I'm little bit confused about Borel measure. What are the check to do for a Borel measure identification? Is true that these functions defined on every Borel set $F \in 2^R$ are Borel?
1) $\mu(F) := \sup F - \inf F$
2) $\mu(F) = 0$ if F countable, $+\infty$ if not
3) $\mu(F) = 0$ if $x \in F$, $\mu(F) = 1$ if not
4) $\mu(F) = $$\int_{F}^{} e^x dx$
Here my ideas for those questions
1) I can define $F=[a,b)$ and since the sup of F is not defined $\rightarrow$ False
2) According to $\sigma$-algebra measure definition, $\mu(\emptyset)=0$, but here the measure is 0 even if it's not empty $\rightarrow$ False
3) It's like the "inverse" of the Dirac measure, or an inverse of the characteristic function, but other than these motivation I can't figure out other stuff $\rightarrow$ True
4) $\mu(F) = $$\int_{F}^{} e^x dx = C\int_{B_r(0)}^{} {\chi}_F \rho^2 e^\rho d\rho$ this integral is finite $\rightarrow$ True
I need more structure on the subject, I'm afraid I'm missing huge chunks of proofs
There are many mistakes in your arguments. '$\sup F$ not defined' is not an argument for 1). If $A$ is the set of all rational numbers in $(0,)$ and $B$ is the set of all irrational numbers in $(0,)$ then $\mu (A)=1, \mu(B)=1$ and $\mu (A \cup B)=1$. Since $A$ and $B$ are disjoint this contraducts the definition of a measure. So the answer to 1) is NO.

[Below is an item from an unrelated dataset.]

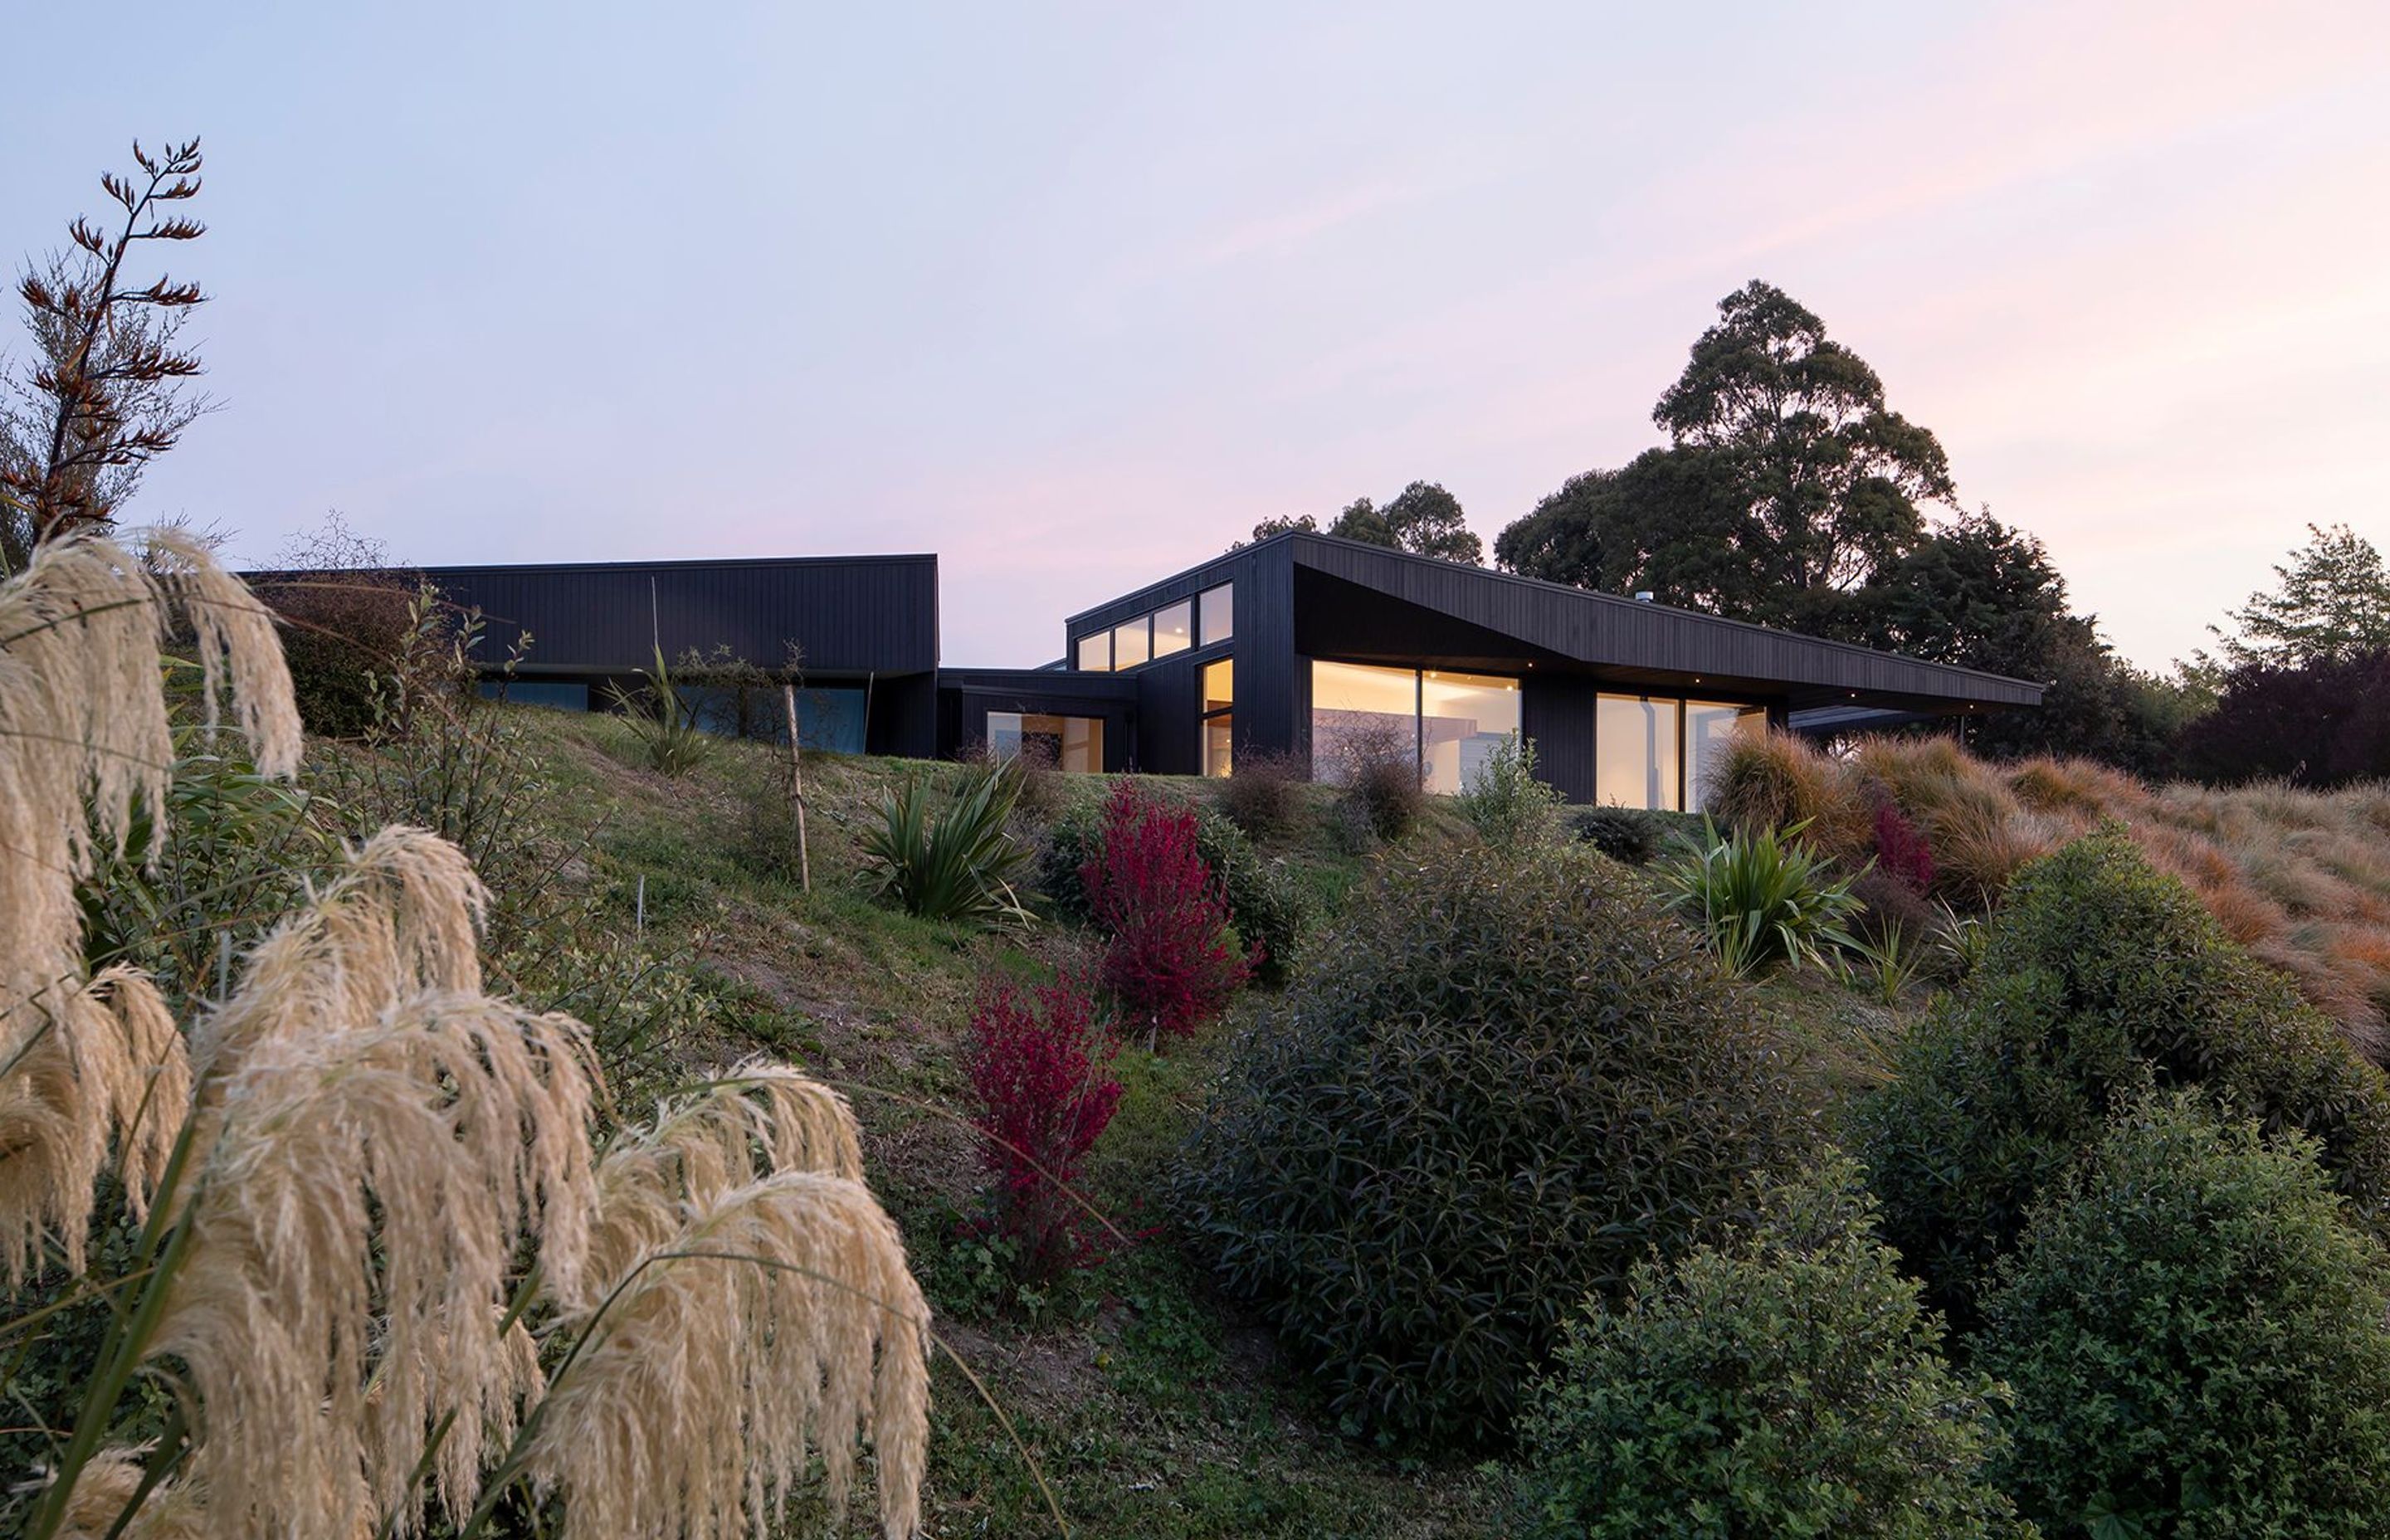 Vineyard House is a simple, sculptured form that is cranked to face the morning sun.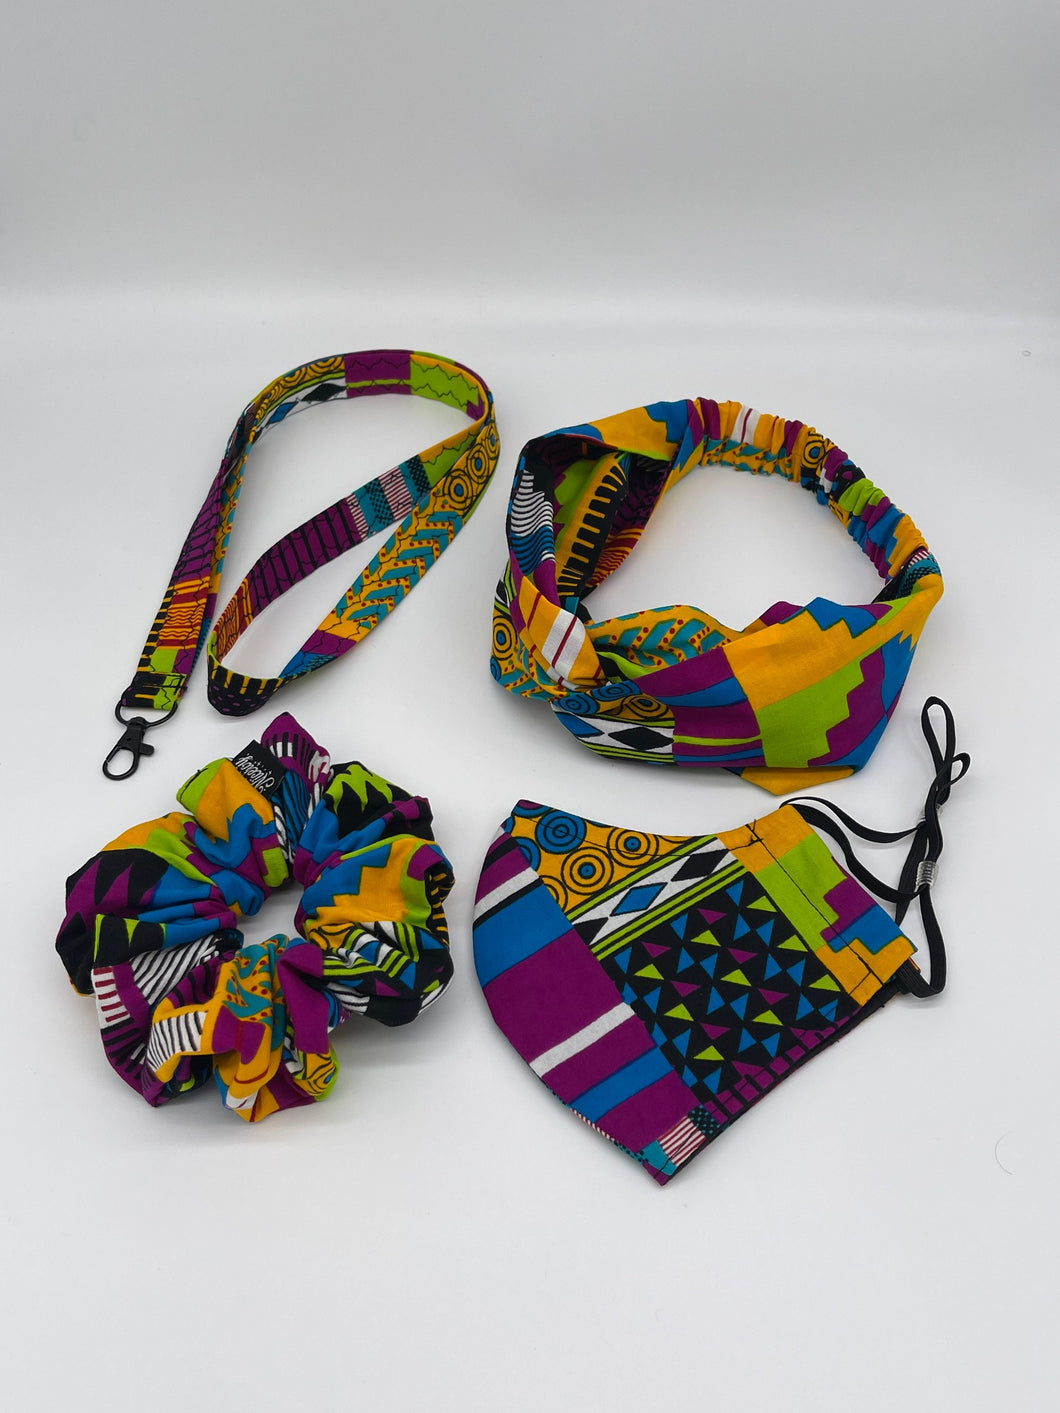 Niceroy kente Cotton fabric headband, Mask, lanyard and scrunchies gift set, gift for a friend, for her, for mom

There is no requirement that the measure of a non-empty set is not zero.The answer to 2) is YES and I leave it to you to verify that this $\mu$ is indeed countable additive. [Let me know if you need help with this].
In 3) $\mu (\emptyset) =1$ which is not permissible, so the answer is NO.
in 4) $\mu$ is a Borel measure and this follows by standard measure theoretic arguments.